Segment Start: Given information

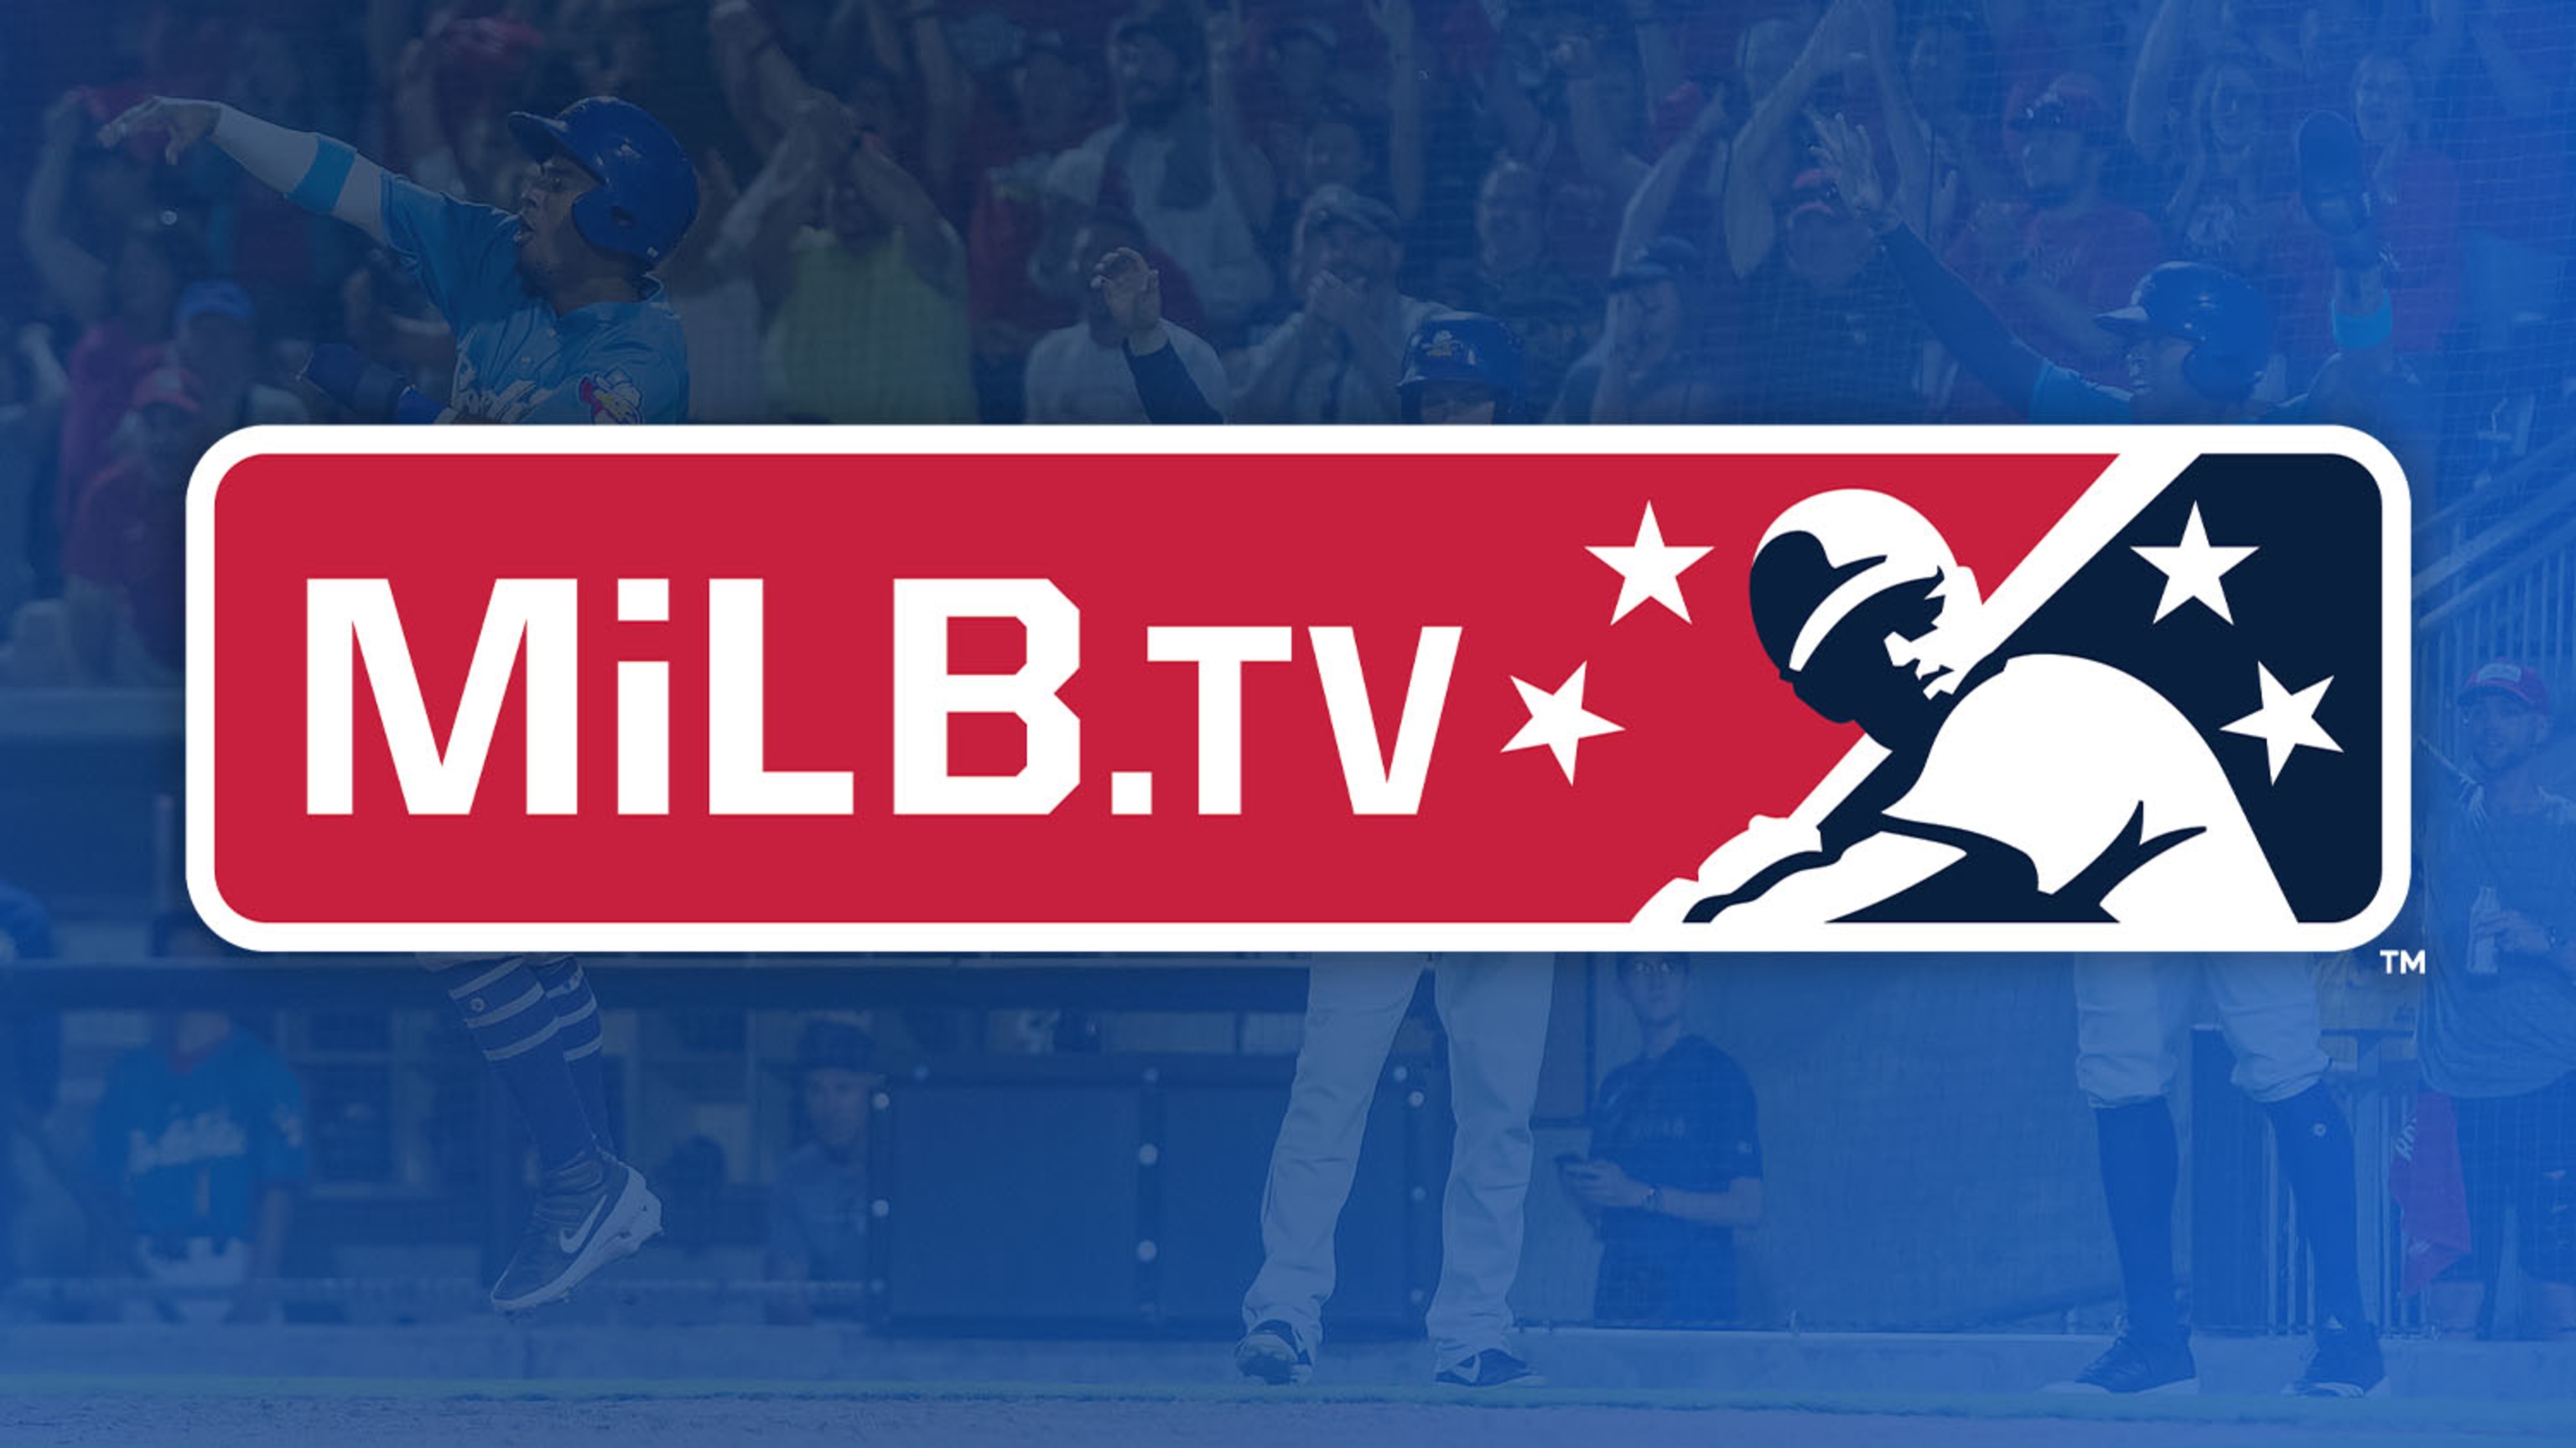 minor league baseball live streaming free
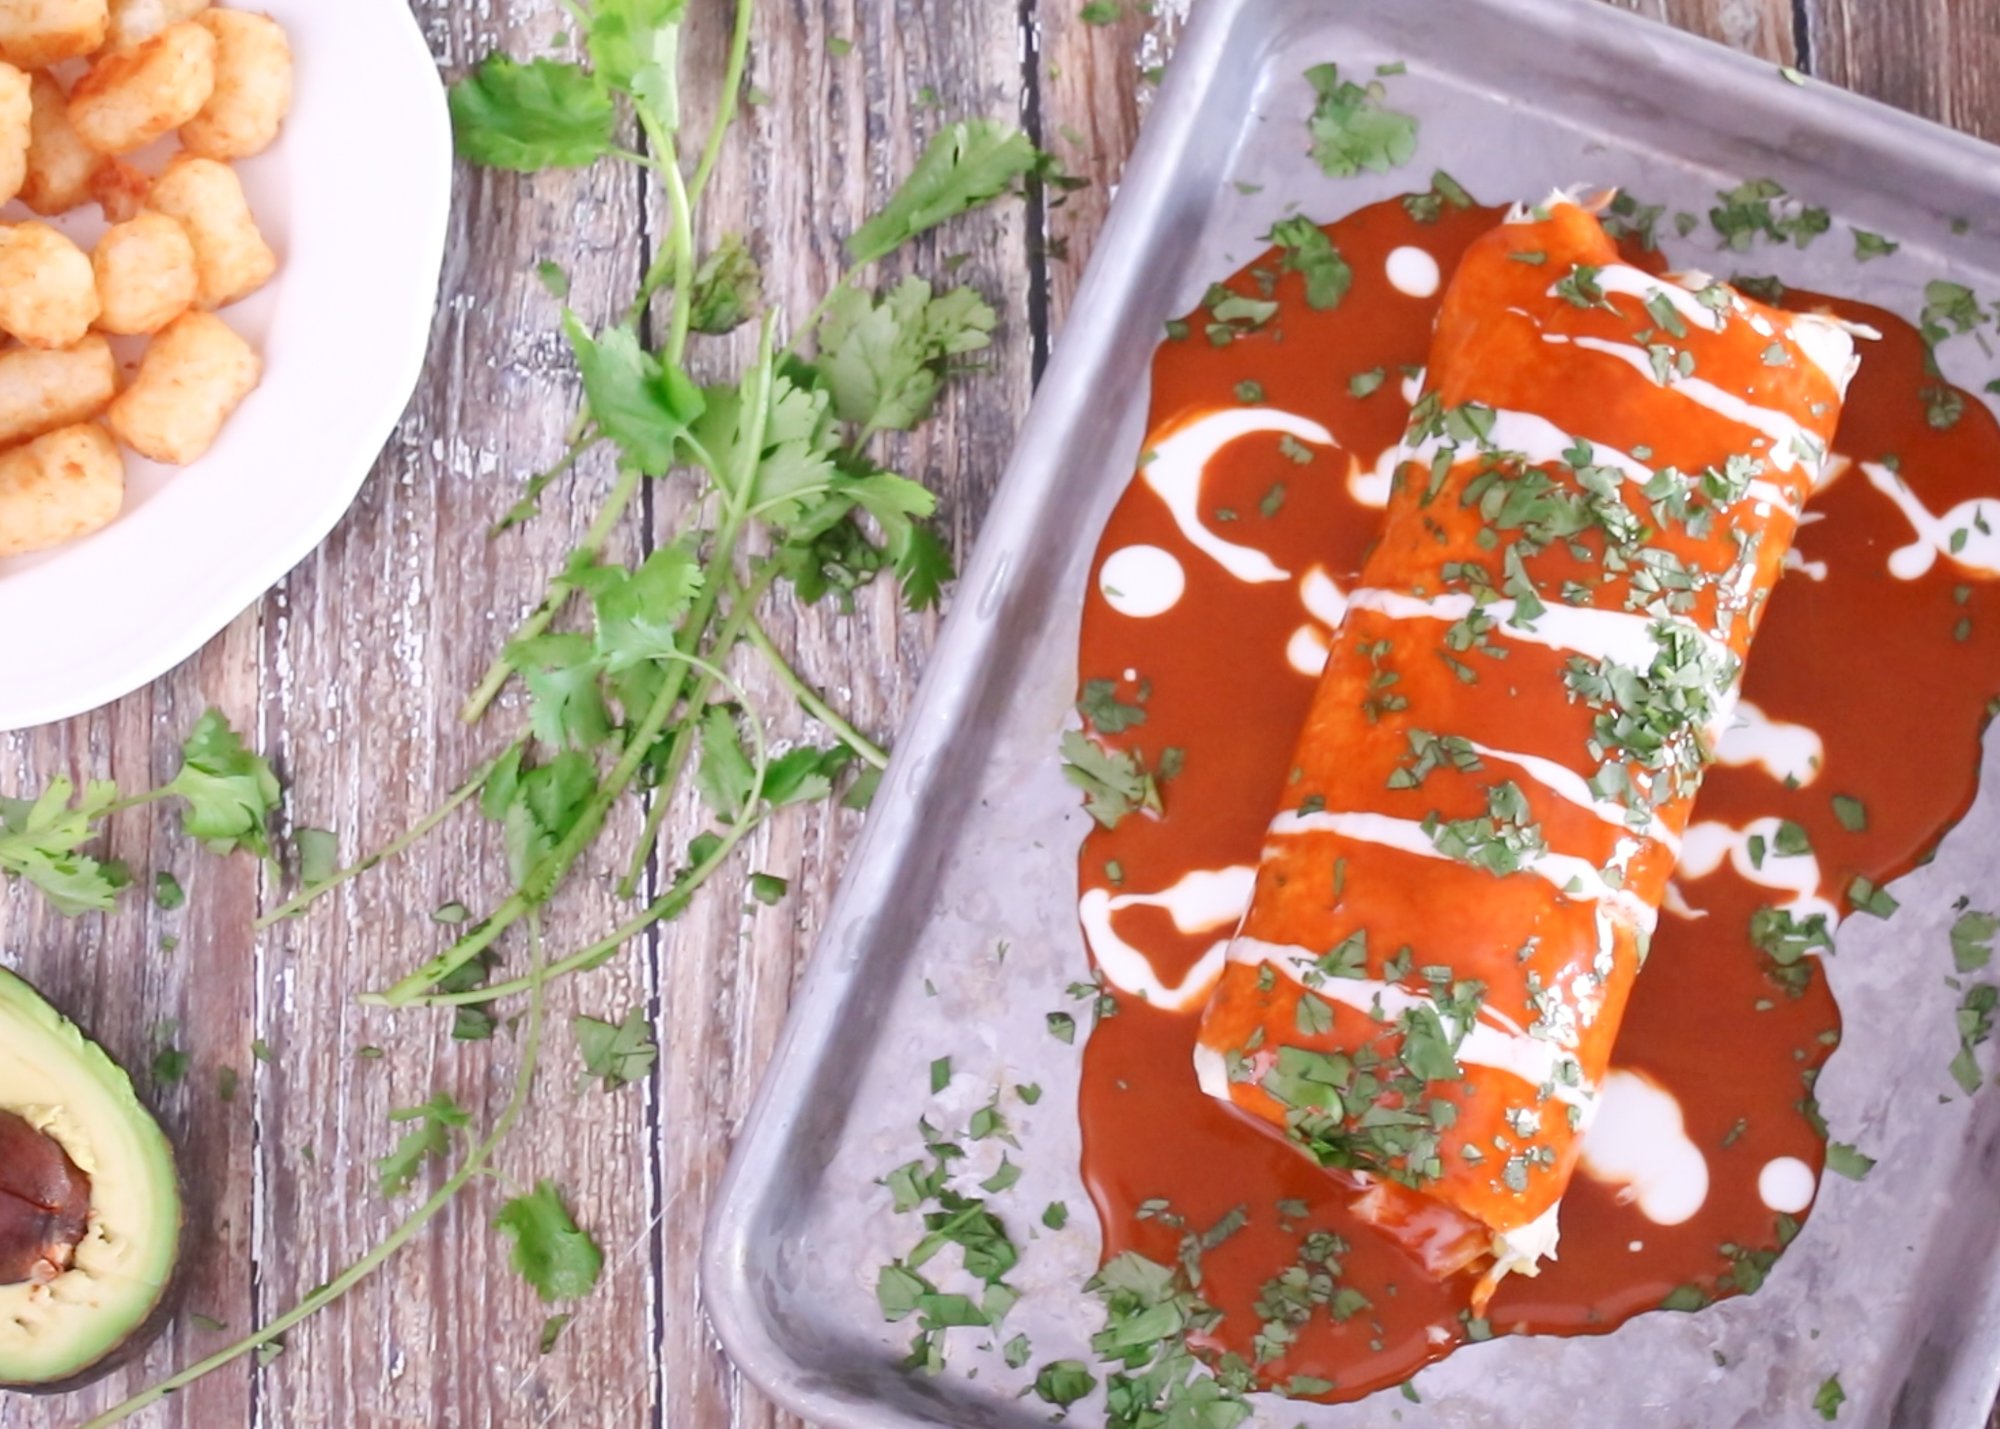 Spinach & Egg Breakfast Burrito (Vegan) Video - pink
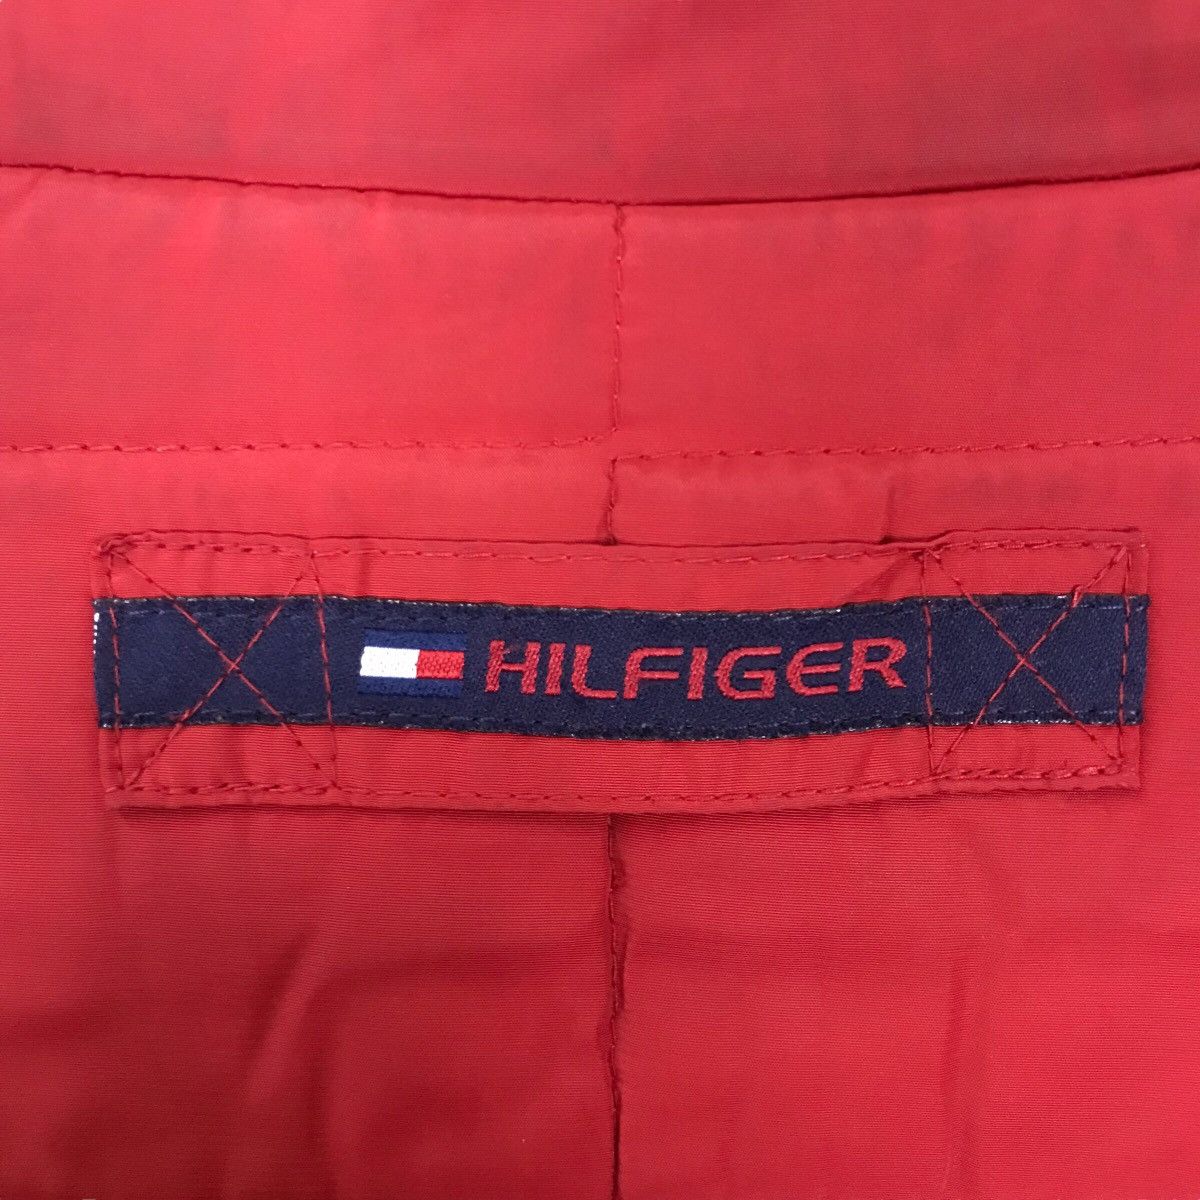 Tommy Hilfiger Vintage Tommy Hilfiger Reversible Puffer Down Jacket Size US M / EU 48-50 / 2 - 8 Thumbnail

Segment End: Given information

Retype only the lines from the line with "Spinach & Egg" through the last line of the data. Keep both ends and skip the pictures.

 Spinach & Egg Breakfast Burrito (Vegan) Video - pink
 Tommy Hilfiger Vintage Tommy Hilfiger Reversible Puffer Down Jacket Size US M / EU 48-50 / 2 - 8 Thumbnail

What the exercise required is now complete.